» **Problem statement**: Only one span is wanted from the lines below: from the one with "SICAP - Employment Pathways Service" up to and including the one with "12 ft H Long". Copy it exactly, without images.

» **Data under study**:
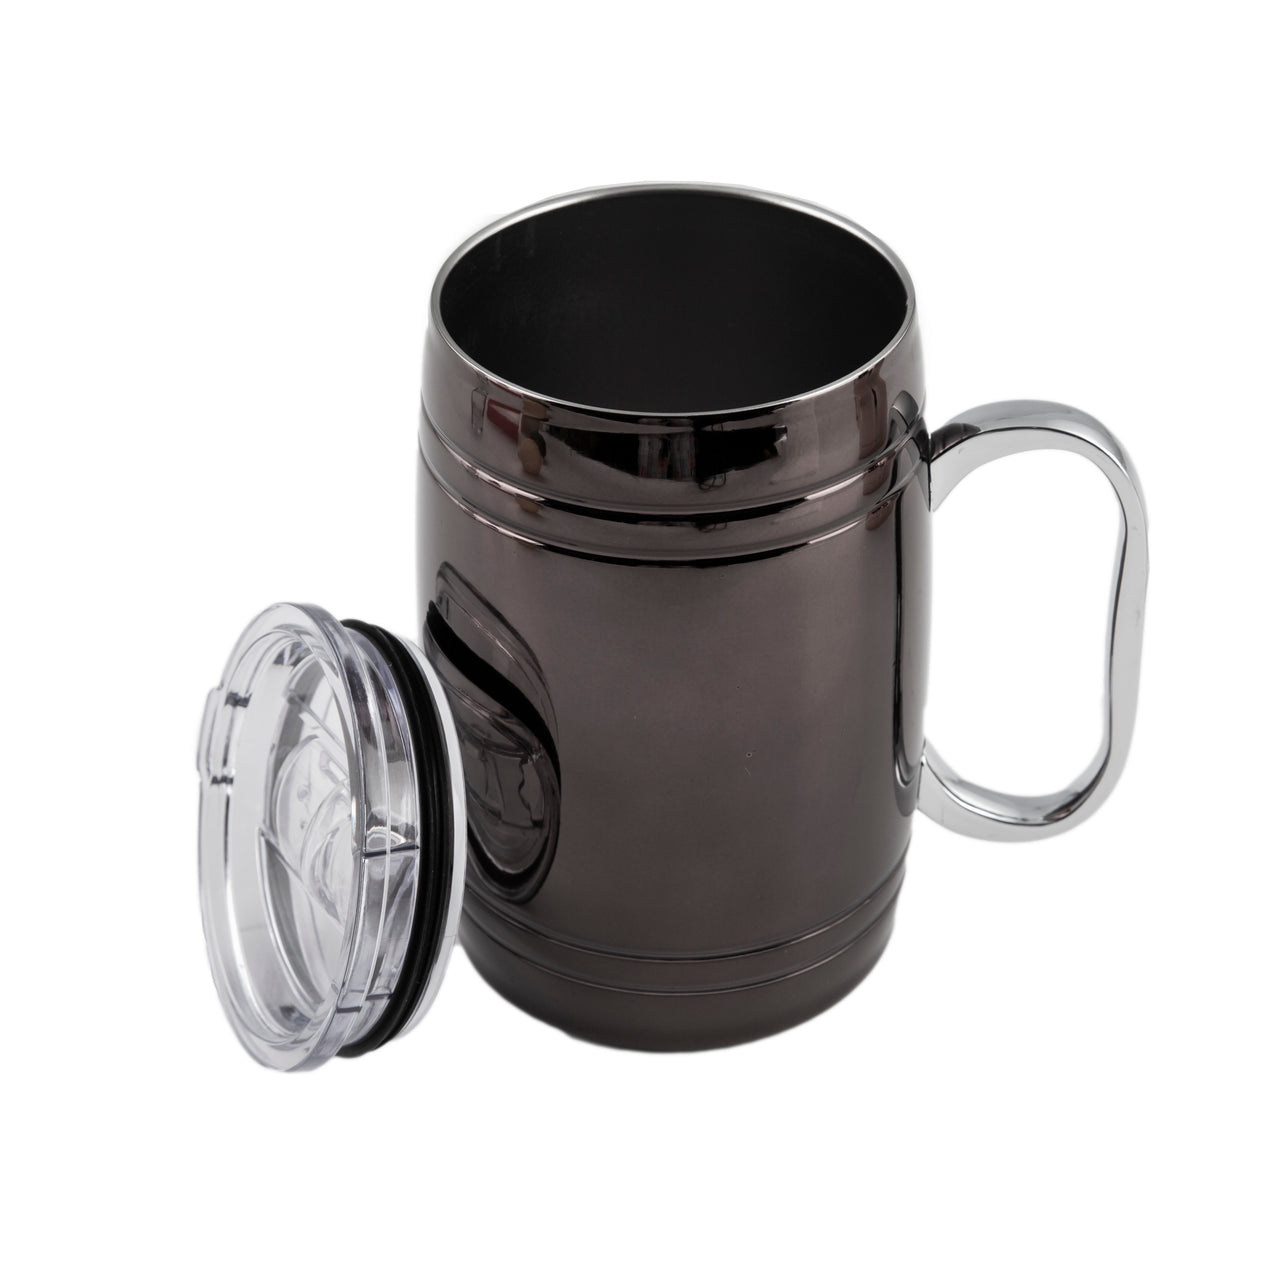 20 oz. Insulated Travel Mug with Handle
...
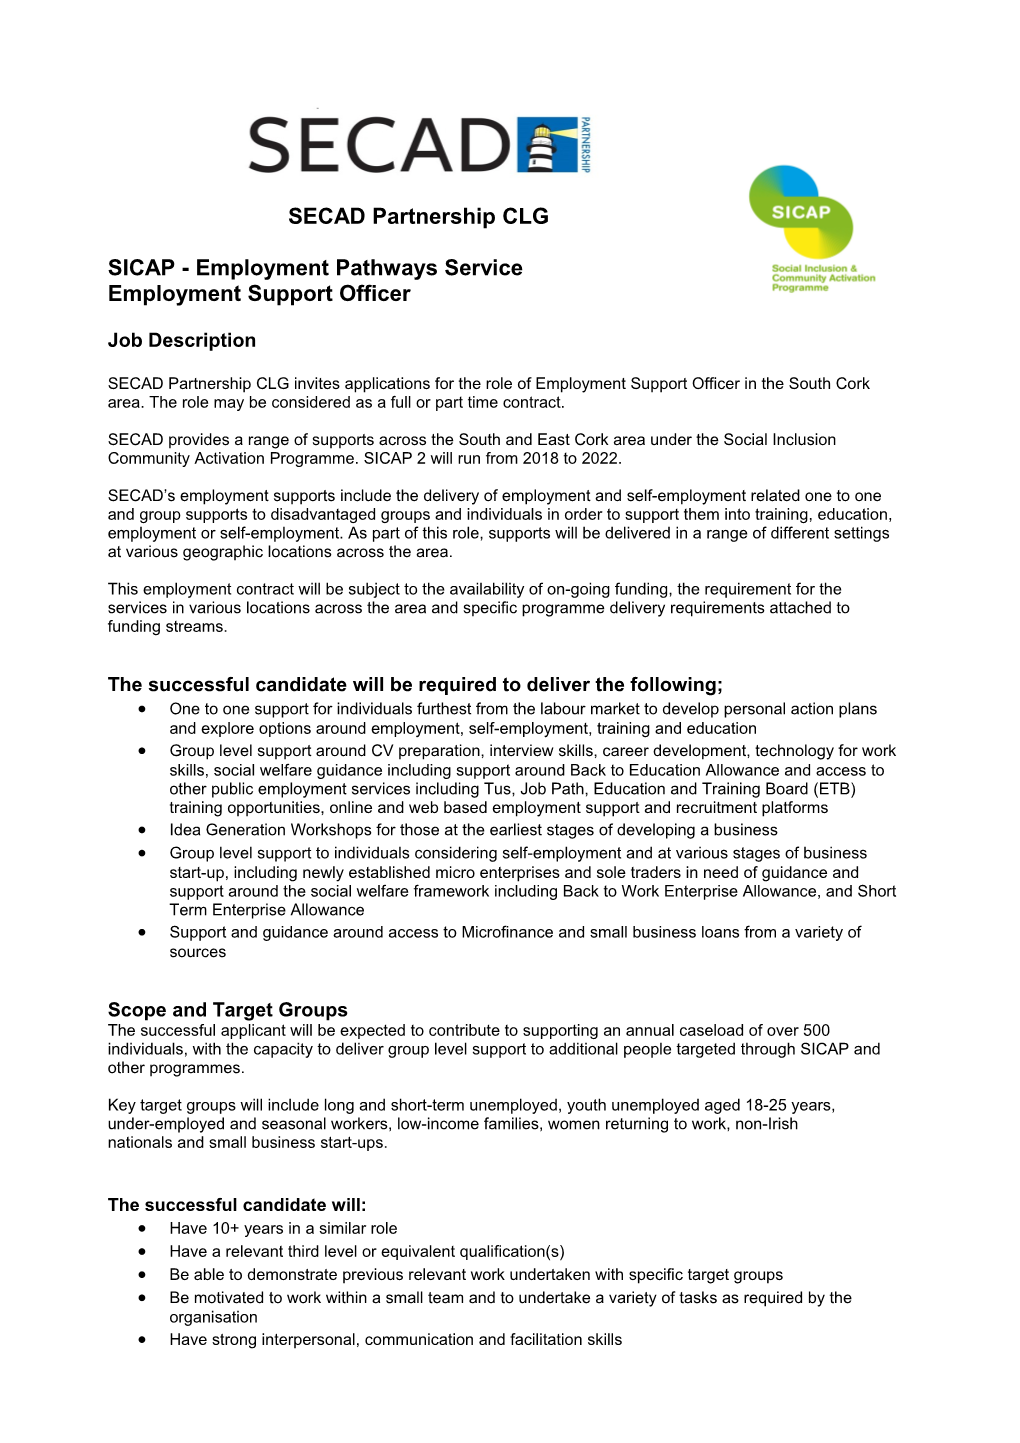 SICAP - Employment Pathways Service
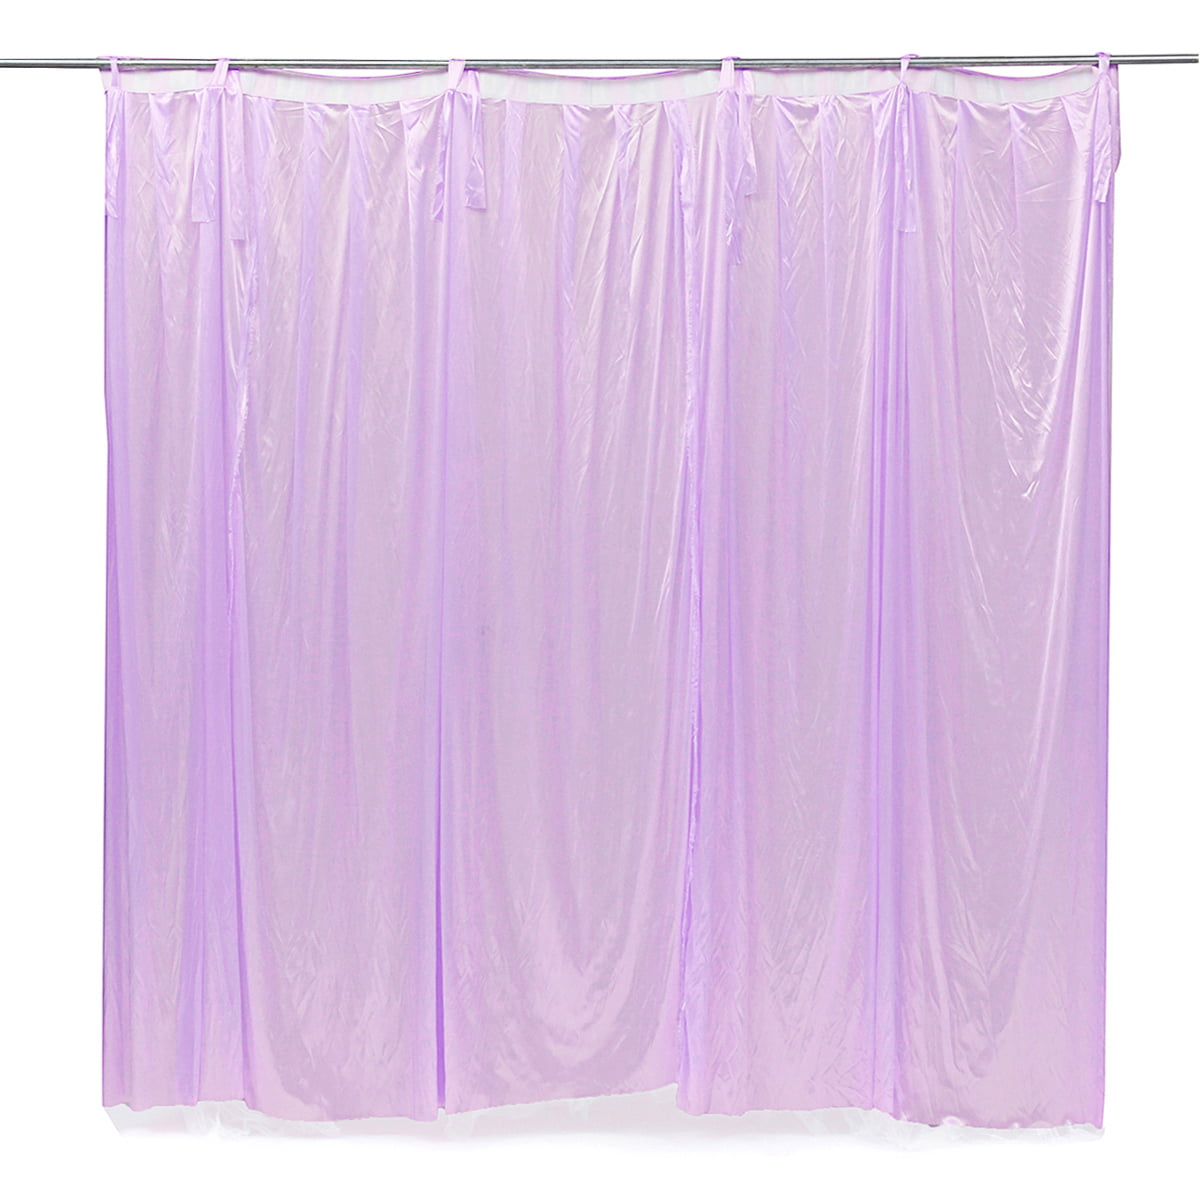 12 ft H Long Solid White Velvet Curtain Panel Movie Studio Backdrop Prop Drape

» **Written response**:
 SICAP - Employment Pathways Service
 12 ft H Long Solid White Velvet Curtain Panel Movie Studio Backdrop Prop Drape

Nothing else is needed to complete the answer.